Correlated Mutivariate Distribution Simulation

Sample correlation matrix csv file

Correlation Matrix, LoB1, LoB2, LoB3, LoB4, LoB5
LoB1, 1, 0.5, 0.5, 0.3, 0.2
LoB2, 0.5, 1, 0.5, 0.7, 0.3 
LoB3, 0.5, 0.5, 1, 0.2, 0.5
LoB4, 0.3, 0.7, 0.2, 1, 0.3
LoB5, 0.2, 0.3, 0.5, 0.3, 1

Sample multi-line distribution json file

[
    {
        "index": 1,
        "dist_name": "LoB1",
        "dist_type": "gamma",
        "dist_param": [2, 1]
    },
    {
        "index": 2,
        "dist_name": "LoB2",
        "dist_type": "lognormal",
        "dist_param": [2, 1]
    },
    {
        "index": 3,
        "dist_name": "LoB3",
        "dist_type": "gamma",
        "dist_param": [3, 1]
    },
    {
        "index": 4,
        "dist_name": "LoB4",
        "dist_type": "lognormal",
        "dist_param": [3, 2]
    },
    {
        "index": 5,
        "dist_name": "LoB5",
        "dist_type": "gamma",
        "dist_param": [4, 2]
    }
]
import pandas as pd
from ActSim import StochasticSimulator

##### Generate correlated mutivariate distribution
corr_matrix_file = 'examples/correlated_sim/corr_matrix.csv'
dist_list_file = 'examples/correlated_sim/dist_list.json'
simulator = StochasticSimulator("normal", [1,0], "normal",[1,0], 100000, True, 1234) # placeholder parameters for the simulator
simulator.gen_multivariate_corr_simulations(corr_matrix_file, dist_list_file, True)
simulator._all_simulations_data
data = pd.DataFrame(simulator._all_simulations_data)
data_t = data.transpose()
# Compute correlation matrix
correlation_matrix = data_t.corr()
print(correlation_matrix)

Synthetic Claim Simulation

##########################################
###### Synthetic Claim Simulation ########
##########################################
import pandas as pd
import numpy as np
from ActSim import ClaimSimulator

# Simulate policy characteristics
policies = pd.DataFrame({
    'policy_id': range(1, 101),
    'freq_dist': 'poisson',
    'freq_params': list(zip(np.random.uniform(0.6, 0.8, 100).round(2),)), 
    'sev_dist': 'lognormal',
    'sev_params': list(zip(np.random.uniform(0.8, 1.2, 100).round(2), np.random.uniform(0.3, 0.7, 100).round(2))),
    'start_date': pd.Timestamp('2023-01-01'),
    'end_date': pd.Timestamp('2023-12-31'),
})

# Instantiate the ClaimSimulator with input policies and np random seed 42
claim_sim = ClaimSimulator(policies, 42)

# Access the processed policy DataFrame
claim_sim.policies

# Run the claim simulation (frequency × severity) for all policy groups
claim_sim.simulate_claims()

# Access the resulting simulated claim records
claim_sim.claim_data

# Set parameters for the non-homogeneous Poisson process (NHPP) for date simulation
lambda0 = 10     # Baseline intensity
alpha = 0.5      # Seasonality amplitude
phase = 0        # Phase shift of the seasonality
T = 1            # Duration of the exposure in years

# Simulate claim occurrence dates using a seasonal NHPP
claim_sim.simulate_dates_nhpp(lambda0, alpha, phase, T)

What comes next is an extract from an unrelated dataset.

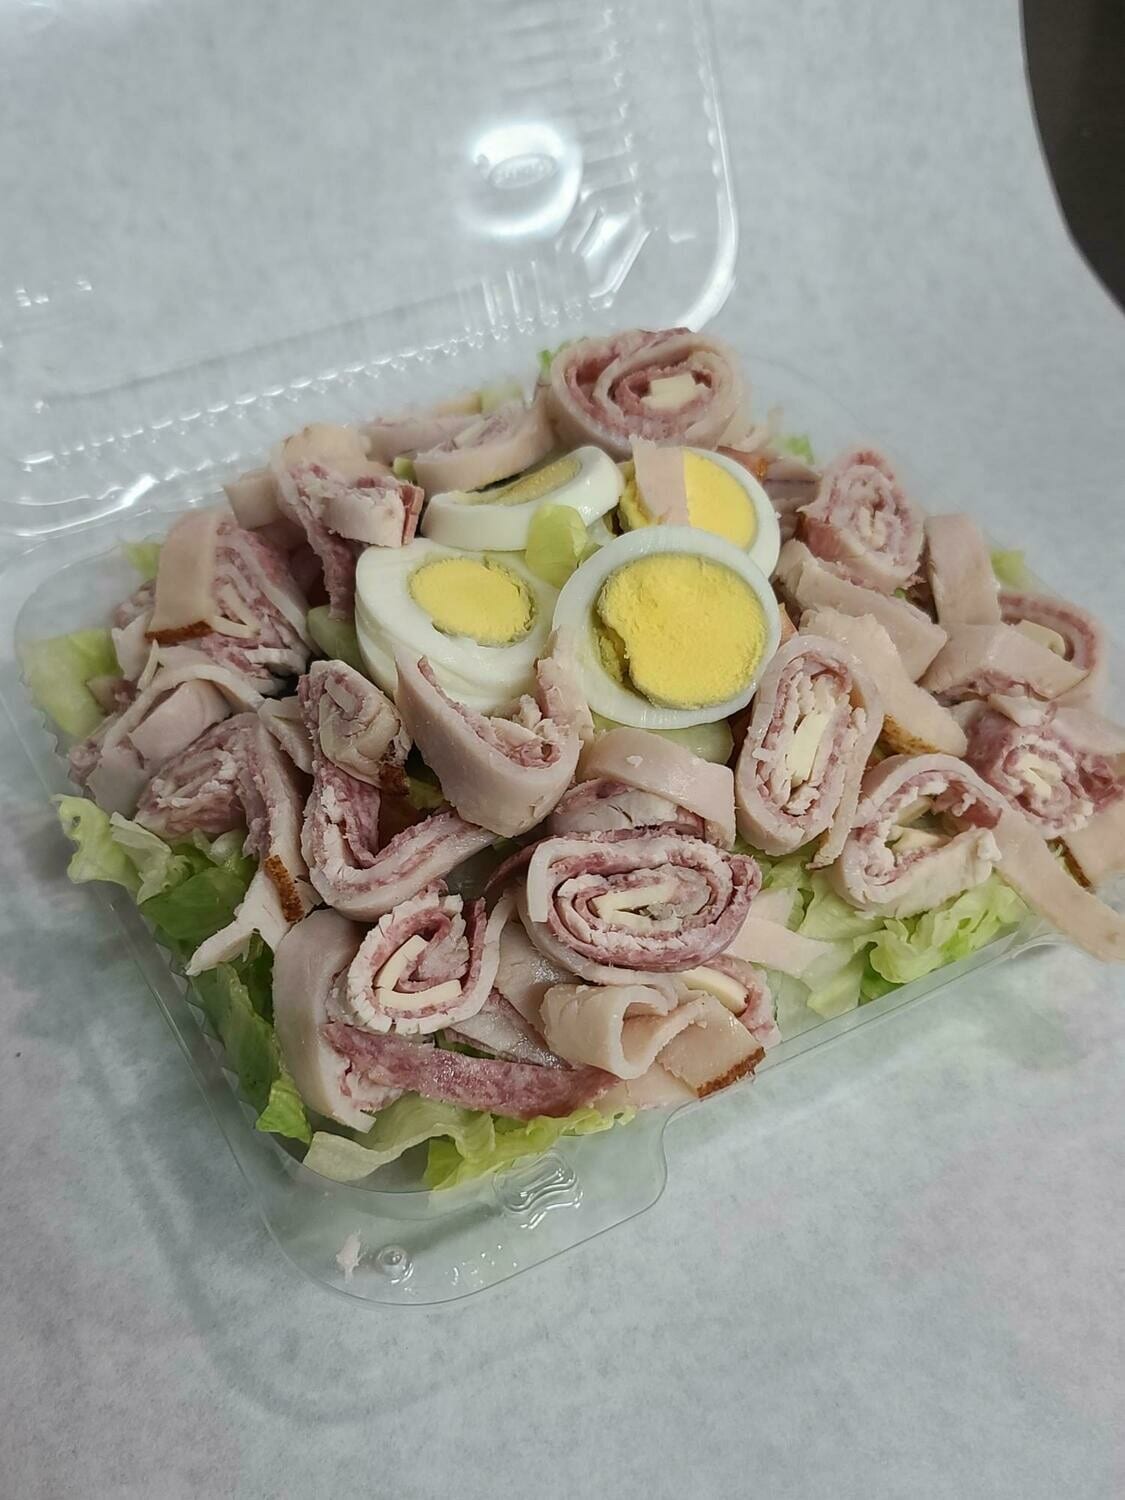 Giovanni's Chef Salad

# Define base loss development factors (LDFs) by development month
base_LDFs = {
    0: 2,     # Initial LDF at 0 months
    3: 1.5,   # LDF at 3 months
    6: 1.2,
    9: 1.1,
    12: 1.05,
    15: 1.02,
    18: 1.00  # Ultimate LDF at 18 months
}

volatility = 0.1      # Standard deviation for stochastic fluctuation in LDFs
tail_factor = 1.0     # No additional tail development (fully developed at 18 months)

# Simulate the claim development triangles based on LDFs and apply stochastic volatility
claim_sim.simulate_claim_development(base_LDFs, volatility, tail_factor)

# Access the simulated claim development triangle or long-format development data
claim_sim.claim_development

# Access updated policies (could include mappings to simulated claims)
claim_sim.policies

# Save the simulated claim development data to a file (replace with actual path)
claim_sim.save_claim_development('sample_file_path')

Development

Setting up Development Environment

# Clone the repository
git clone https://github.com/jzhng105/ActSim.git
cd ActSim

# Create virtual environment
python -m venv venv
source venv/bin/activate  # On Windows: venv\Scripts\activate

Contributing

We welcome contributions! Please see our Contributing Guide for details.

Development Workflow

  1. Fork the repository
  2. Create a feature branch (git checkout -b feature/amazing-feature)
  3. Make your changes
  4. Add tests for new functionality
  5. Ensure all tests pass (pytest)
  6. Commit your changes (git commit -m 'Add amazing feature')
  7. Push to the branch (git push origin feature/amazing-feature)
  8. Open a Pull Request

License

This project is licensed under the Apache License - see the LICENSE file for details.

Citation

If you use ActSim in your research, please cite:

@software{ActSim2025,
  title={ActSim: A Python package for actuarial risk modeling and simulation},
  author={Juntao Zhang},
  year={2025},
  url={https://github.com/jzhng105/ActSim}
}

Support

Changelog

See CHANGELOG.md for a list of changes and version history.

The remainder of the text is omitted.